Thank you for sharing your experiences Sophia, Marta and Sian.
I can really relate to your experiences of the lightbulb moment!And how empowering to feel the big bad monster that we would perhaps go to great lengths to avoid facing can actually be something much smaller and more manageable.. Are you all finding that you have so much more headspace now that you are not spending so much time and energy either feeding or avoiding addictive desire? I know it’s early days but it’s definitely a non-weight outcome that I am really happy with.
Marta, I too stopped in my tracks to take in that particular idea of using the prefrontal cortex this way, I don’t think I’ll ever forget the moment I heard it!
Sian – Thank you for mentioning the Marc Lewis video I will try to look it up online.

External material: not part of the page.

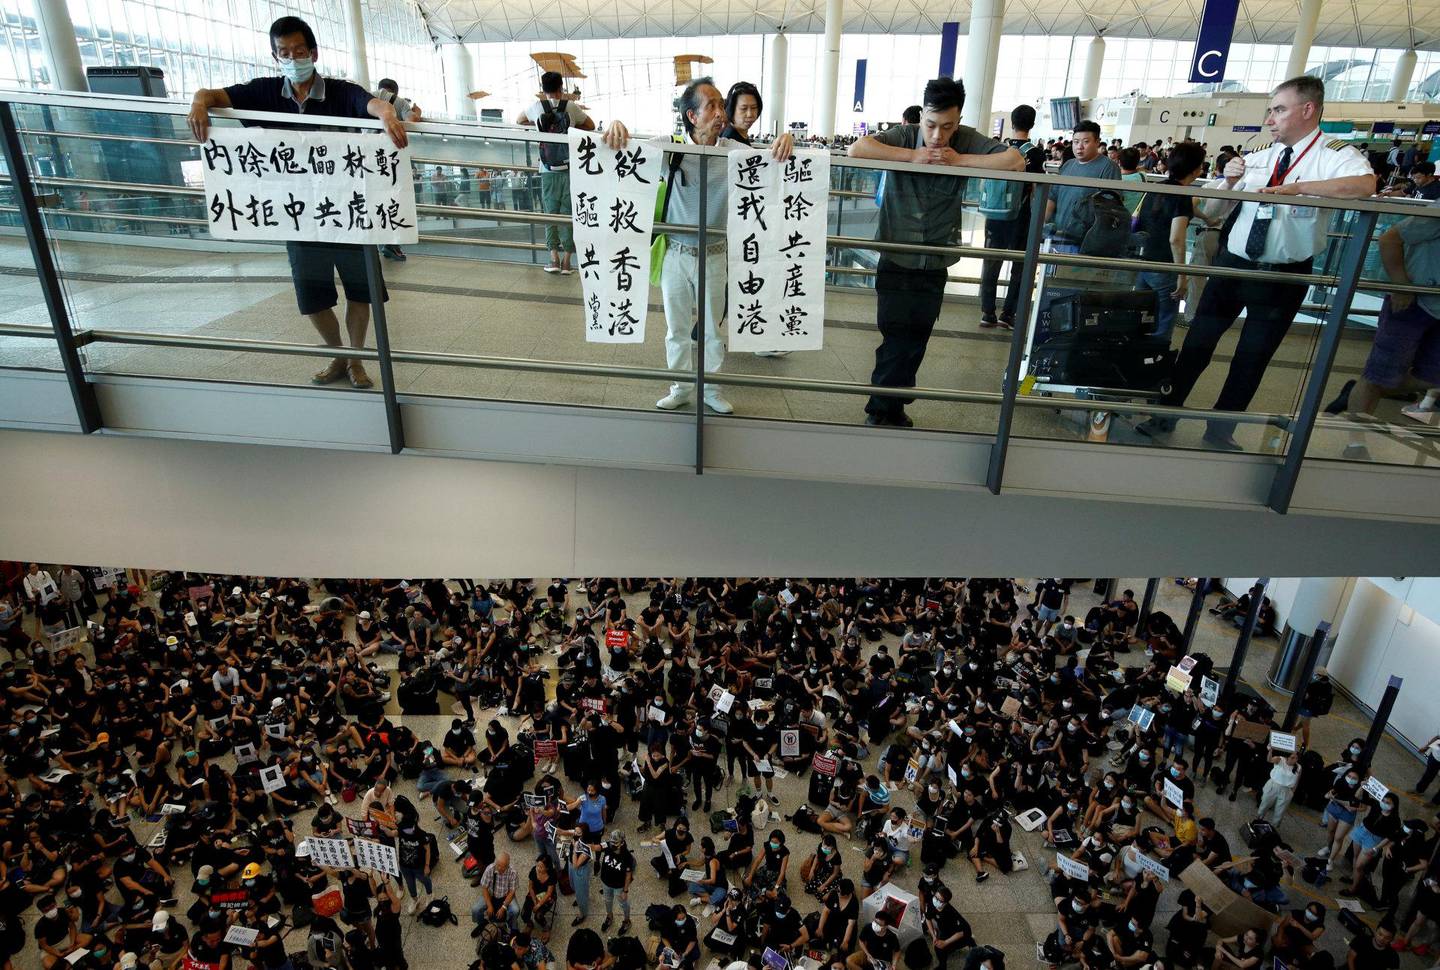 fLYPLASS: Det er ingen opptøyer, bara tyranni! ropet mange av demonstrantene på flyplassen. (NTB SCANPIX)

Sophia – I am also enjoying taking opportunities to practice talking to my addictive desire. It’s becoming quite fun really – tempting it out from hiding, and then talking to it and watching it shrink – all while embracing freedom of choice. A good use of lockdown time I think 🙂
Gillian – Thank you for pointing out that it might not be a short lived experience for everyone. I have been doing this since Sunday evening and the first day or two it wasn’t easy at all, it was pretty challenging. I felt like I was having an internal tug of war, and I think the first time I did it the process kept coming and going throughout the evening so it was on and off for a couple of hours perhaps. I am finding the experience is becoming shorter each day, and today each time I’ve dealt with addictive desire it has been just a minute or two so far, like Marta described. I wonder if it will continue like this or if it will sometimes take me by surprise and be much stronger? I suppose I can only wait and see!